Logo Xingxin on Bug

How to concatenate C++ std::bitset?

December 3, 2024
3 min read

Suppose I have two std::bitsets:

  1. [0][1][1]
  2. [1][1][0][1]

I want to concatenate them into [0][1][1][1][1][0][1], which equals 61 in decimal. How can I do that? 🤔 This article aims to show you how.

✏Solution

Let me unveil the answer first:

template<std::size_t N1, std::size_t N2> 
auto concat(const std::bitset<N1>& lhs, const std::bitset<N2>& rhs) -> std::bitset<N1 + N2> { 
    return std::bitset<N1 + N2>(lhs.to_string() + rhs.to_string());
}

The idea is fairly simple. We leverage the conversion between std::bitset and std::string, making std::bitset concatenation as intuitive as string concatenation.

⌨Code

Here’s a simple example:

int main()
{
    const std::bitset<3> left("011");
    const std::bitset<4> right("1101");
 
    const std::bitset<7> result = concat(left, right);
 
    std::cout << "lhs: " << left.to_string() << std::endl;
    std::cout << "rhs: " << right.to_string() << std::endl;
    std::cout << "result: " << result.to_string() << std::endl;
}

And the output would be:

lhs: 011
rhs: 1101
result: 0111101

🧀Application

Fair enough, you may wonder:

Question

Why on earth would we need to concatenate std::bitset? 🤷‍♂️

One application I can think of is Meta’s implementation of HyperLogLog called Presto. If you’re not familiar or interested in it, no worries - let me simplify it for you.


Imagine you live in a world with an exorbitantly high cost of living, even pricier than Switzerland. In this world, one bit costs $100!😲💔

  1. You design a 7-bit slot to store decimal values, costing you $700. 😒
  2. Then, you realize most of the numbers you store are no more than 15, e.g., 3, 13, 8, 1, 2, 0, 5, ....
  3. This means the extra 3 bits are redundant, costing you an unnecessary $300!\
  4. To save money, you decide to use a 4-bit slot by default. If it’s not enough, you allocate additional slots (spending $300 only when necessary).

This is the essence of HyperLogLog Presto’s dense implementation. When a value grows too large for the predefined “dense” size, it spills into an “overflow” segment. The concatenation of these segments enables a compact yet scalable representation.

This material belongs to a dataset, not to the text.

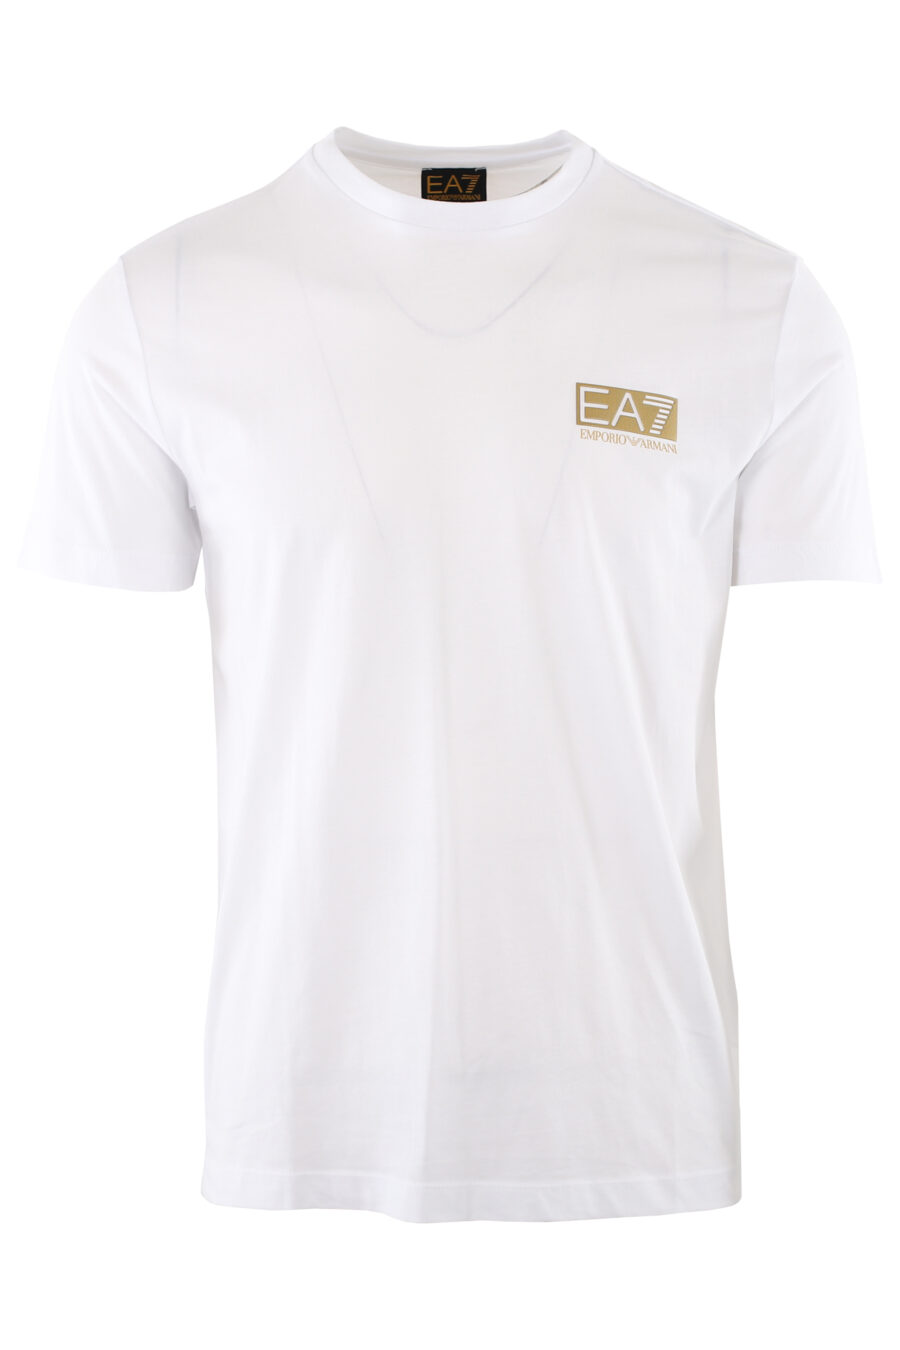 Camiseta blanca con logo dorado "lux identity" - IMG 7416

To retrieve the original value, you can use this:

std::bitset<TOTAL_BUCKET_SIZE> combined{
    overflow_bucket.to_string() + // 👈 Only if the data overflows the dense bucket
    dense_bucket.to_string()
};
const unsigned long combined_value = combined.to_ulong();

🌾Resource

  1. HyperLogLog: Analysis of a Near-Optimal Cardinality Estimation Algorithm – Philippe Flajolet et al.
  2. Meta’s HyperLogLog Presto
  3. std::bitset - cppreference.com

By mastering this simple yet powerful technique, you’ll unlock a reusable tool for compact data representation, perfect for scenarios requiring efficient bit-level operations.